For ( $\theta = \frac{3\pi}{4}$ ), the general qubit state becomes:

\lvert \psi \rangle = \cos\left(\frac{3\pi}{8}\right) \lvert 0 \rangle + e^{i\phi} \sin\left(\frac{3\pi}{8}\right) \lvert 1 \rangle.

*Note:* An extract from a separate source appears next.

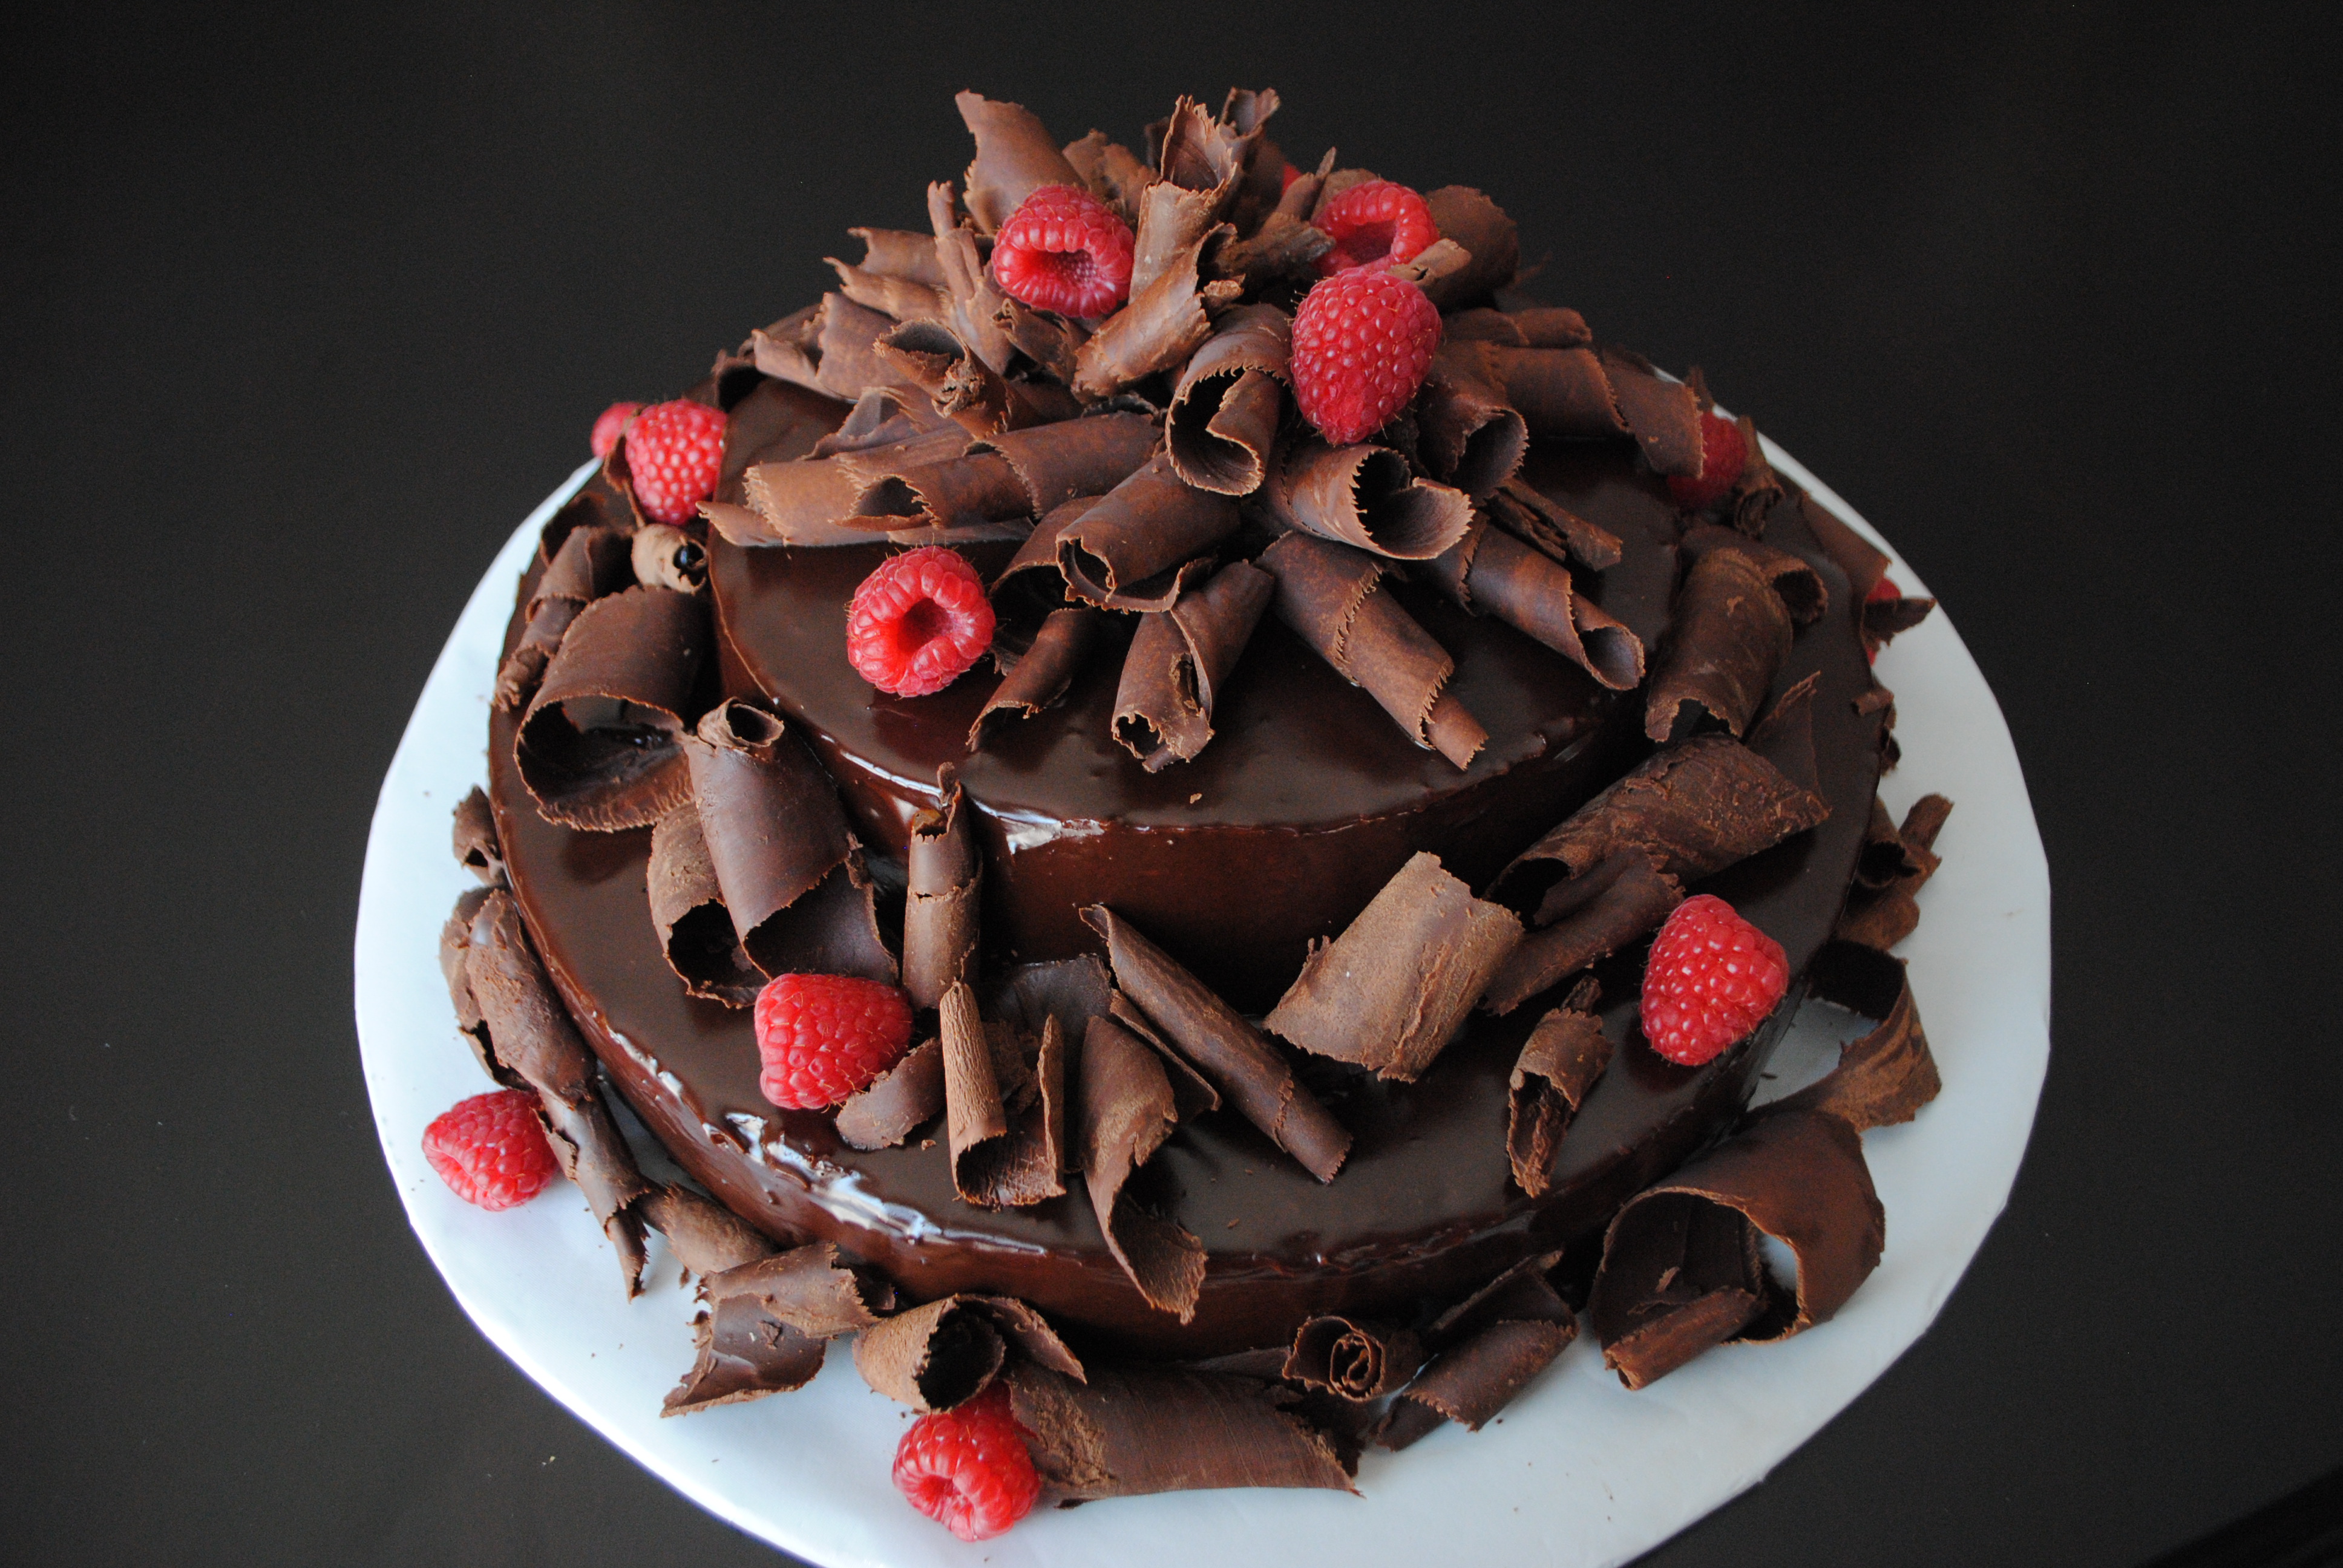  Chocolate  Cake  with Chocolate  Curls and Raspberries

Now, let’s find specific states in the 4 quadrants of the lower hemisphere:

  1. Quadrant 5 (Corresponding to ( $0 \leq \phi < \frac{\pi}{2}$ )): 
    \lvert \psi_5 \rangle =
\begin{bmatrix}
\cos\left(\frac{3\pi}{8}\right) \\
e^{i\cdot 0} \sin\left(\frac{3\pi}{8}\right)
\end{bmatrix}
=
\begin{bmatrix}
\cos\left(\frac{3\pi}{8}\right) \\
\sin\left(\frac{3\pi}{8}\right)
\end{bmatrix}.
  2. Quadrant 6 (Corresponding to ( $\frac{\pi}{2} \leq \phi < \pi$ )): 
    \lvert \psi_6 \rangle =
\begin{bmatrix}
\cos\left(\frac{3\pi}{8}\right) \\
e^{i\frac{\pi}{2}} \sin\left(\frac{3\pi}{8}\right)
\end{bmatrix}
=
\begin{bmatrix}
\cos\left(\frac{3\pi}{8}\right) \\
i\sin\left(\frac{3\pi}{8}\right)
\end{bmatrix}.
  3. Quadrant 7 (Corresponding to ( $\pi \leq \phi < \frac{3\pi}{2}$ )): 
    \lvert \psi_7 \rangle =
\begin{bmatrix}
\cos\left(\frac{3\pi}{8}\right) \\
e^{i\pi} \sin\left(\frac{3\pi}{8}\right)
\end{bmatrix}
=
\begin{bmatrix}
\cos\left(\frac{3\pi}{8}\right) \\
-\sin\left(\frac{3\pi}{8}\right)
\end{bmatrix}.
  4. Quadrant 8 (Corresponding to ( $\frac{3\pi}{2} \leq \phi < 2\pi$ )): 
    \lvert \psi_8 \rangle =
\begin{bmatrix}
\cos\left(\frac{3\pi}{8}\right) \\
e^{i\frac{3\pi}{2}} \sin\left(\frac{3\pi}{8}\right)
\end{bmatrix}
=
\begin{bmatrix}
\cos\left(\frac{3\pi}{8}\right) \\
-i\sin\left(\frac{3\pi}{8}\right)
\end{bmatrix}.

Recap

  • The 4 states derived above correspond to the lower hemisphere, complementing the 4 states in the upper hemisphere.
  • Together, these 8 states span the Bloch sphere at ( $\theta = \frac{\pi}{4}$ ) (upper) and ( $\theta = \frac{3\pi}{4}$ ) (lower), each at distinct quadrants defined by ( $\phi$ ).